Question: {question}

Helpful Answer:"""

	QA_PROMPT = PromptTemplate(
		template=prompt_template, input_variables=["context", "question"])

	qa = ConversationalRetrievalChain.from_llm(
			llm,
			retriever=retriever,
			return_source_documents=True,
			output_key='answer',
			combine_docs_chain_kwargs={'prompt': QA_PROMPT},
			max_tokens_limit=3500)

	result = qa({"question": question, "chat_history": chat_history})

	return result

I also plan to be able to customise the prompt more, since this is an area where a lot of optimisation can happen. Eventually I also want to enable Agents, that trigger actions via code functions you ask the LLM to create variables for, and feed it back the results. This is an exciting rapidly developing field.

Summary

I’m aware that a lot of the infrastructure I’ve built may be made redundant as Google and other companies launch their own GenAI products.
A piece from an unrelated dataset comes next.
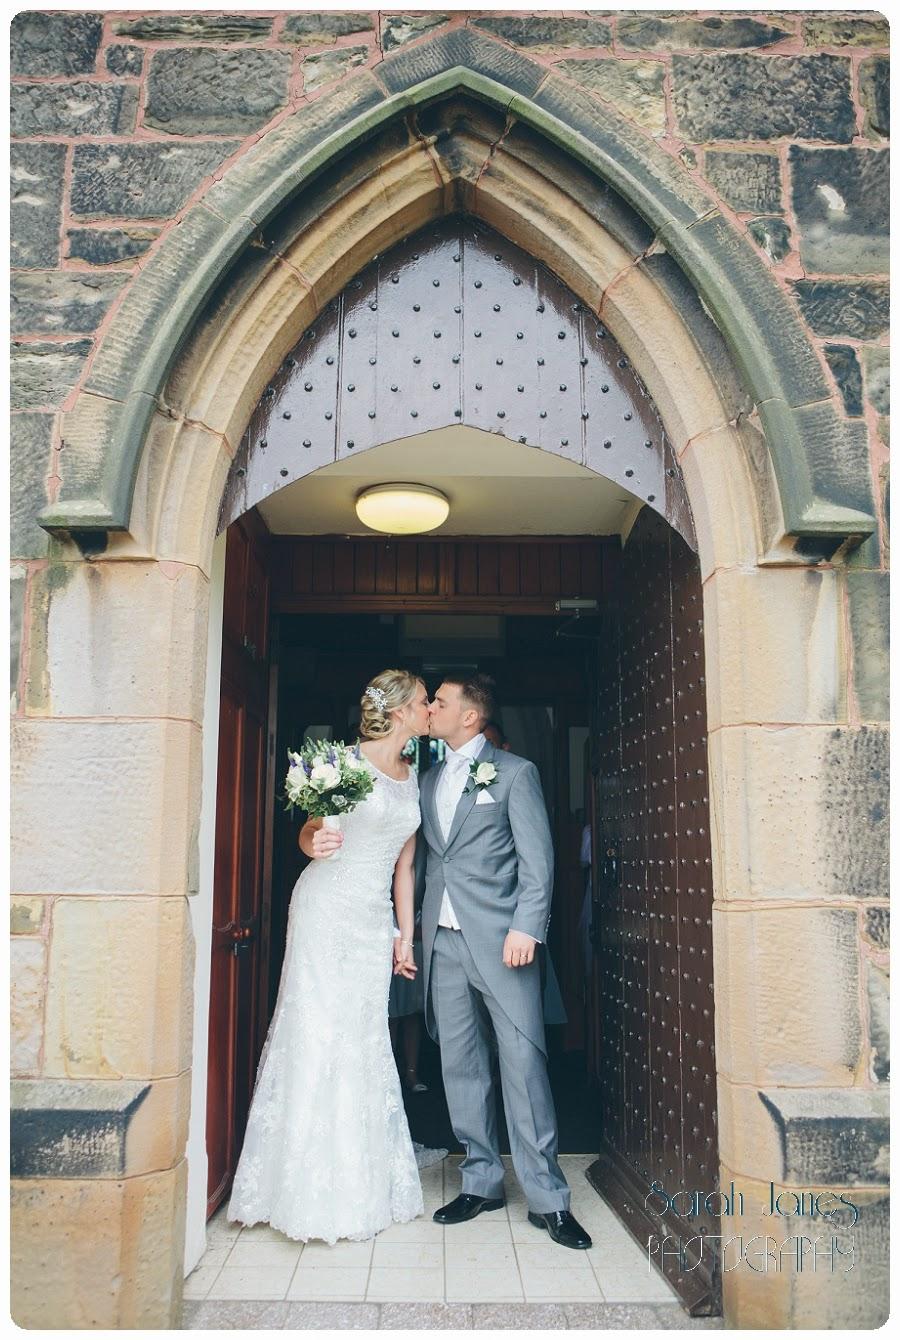 Sarah+Janes+photography,+wedding+photography,barn+wedding+north+wales_0013.jpg

I got a demo of Google’s GenApp builder and looks like you can set up your own chat bot over your own documents with a few clicks, and get some JavaScript to embed that app anyway you like.
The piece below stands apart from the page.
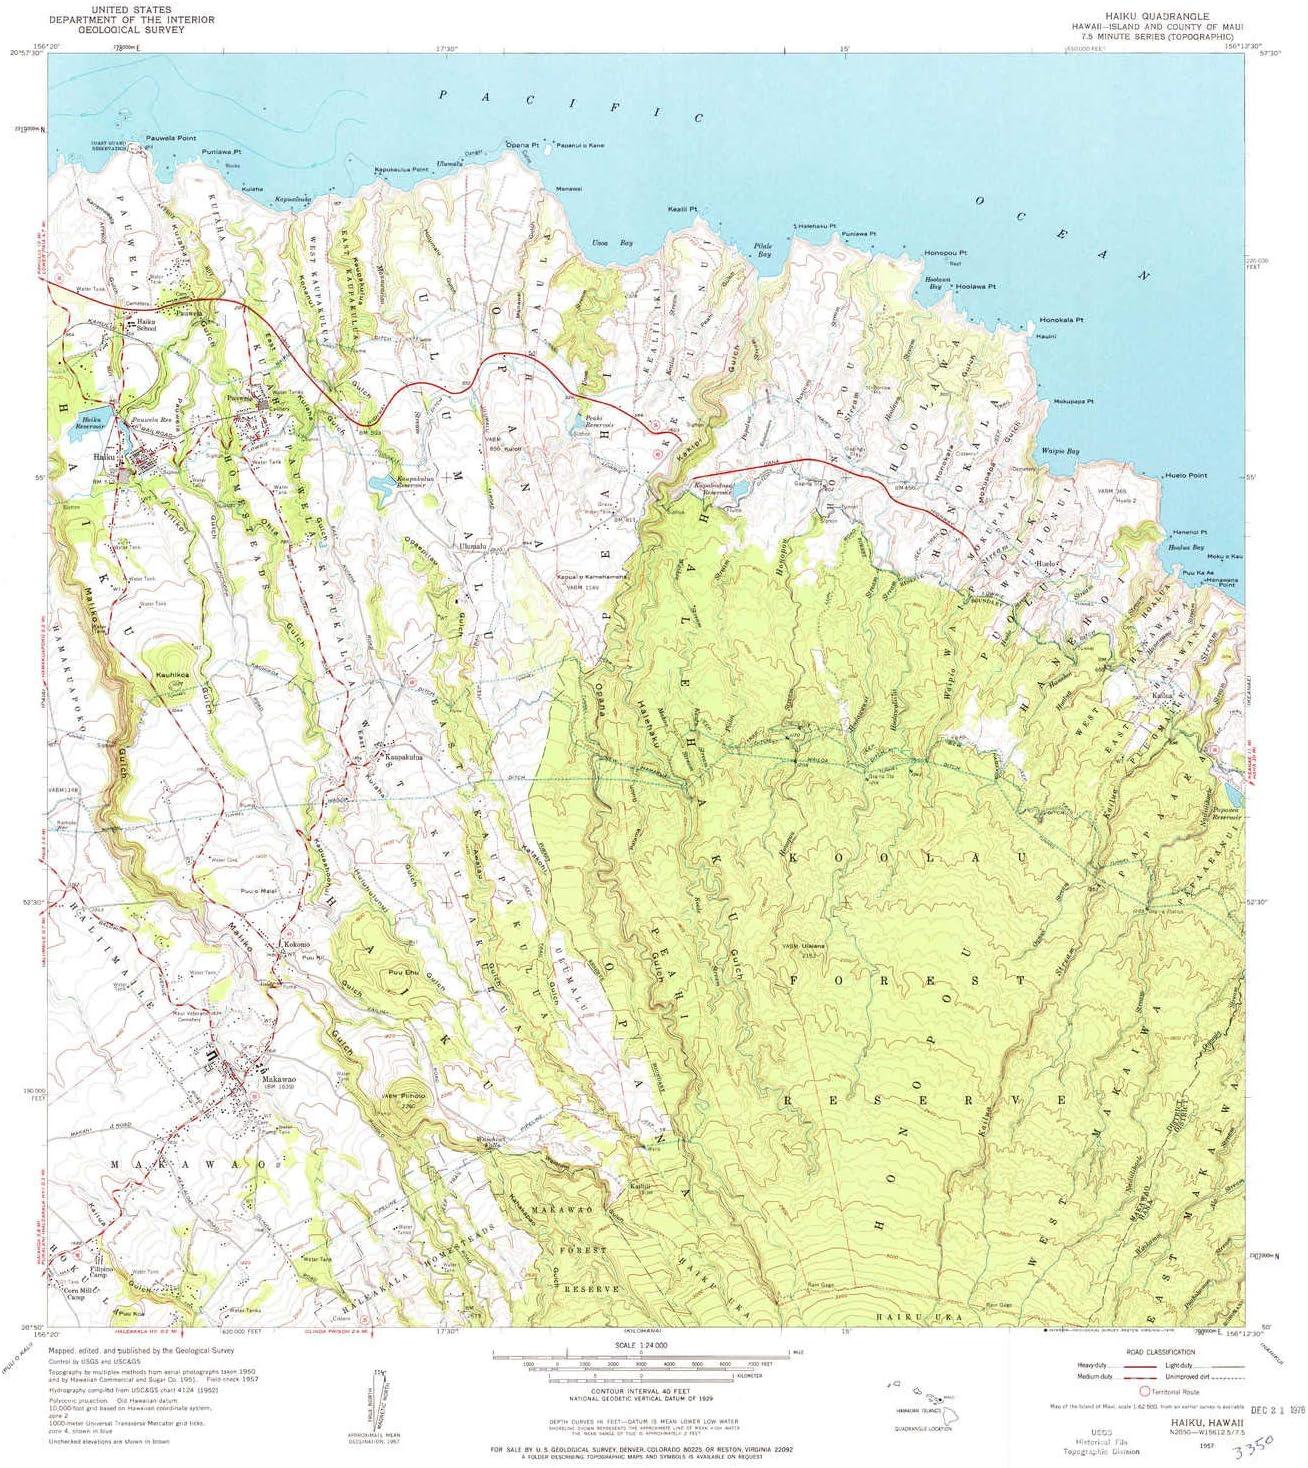 YellowMaps Haiku HI topo 卓越 map ランキング総合1位 1:24000 Scale X Minute 7.5 H

However, its been so educational for me to work through the infrastructure and I’m sure for custom solutions going forward it will stand me in good stead. I may be able to swap in and out easily with my modular structure some GenApp builder elements, but keep my own custom prompts, for example. All in all its a good basis for the next stage, which I believe will be the how unsupervised LLMs interacting by themselves will behave. Will we ever be able to eliminate hallucinations to make them reliable enough to not need human interaction? Is code syntax doomed, and we will be able to program solely via concepts?

I do feel changed by having LLM assistance in this project and will not be able to go back to having none. Its like an enthusiastic intern coding buddy that can quickly return research results. I look back at my time without LLM assistance and wonder at how much time was spent just struggling with syntax instead of advancing or trying out ideas. All in all its an exciting time to be working within data, and I look forward to seeing what develops. Please get in touch if you wish to feedback, speculate or build something related to it, as I think its going to be a big part of our future.

And in case you are wondering, none of this blog was generated by an LLM :) I did ask it for editor suggestions though. I don’t see LLMs replacing original thought, just facilitating their execution.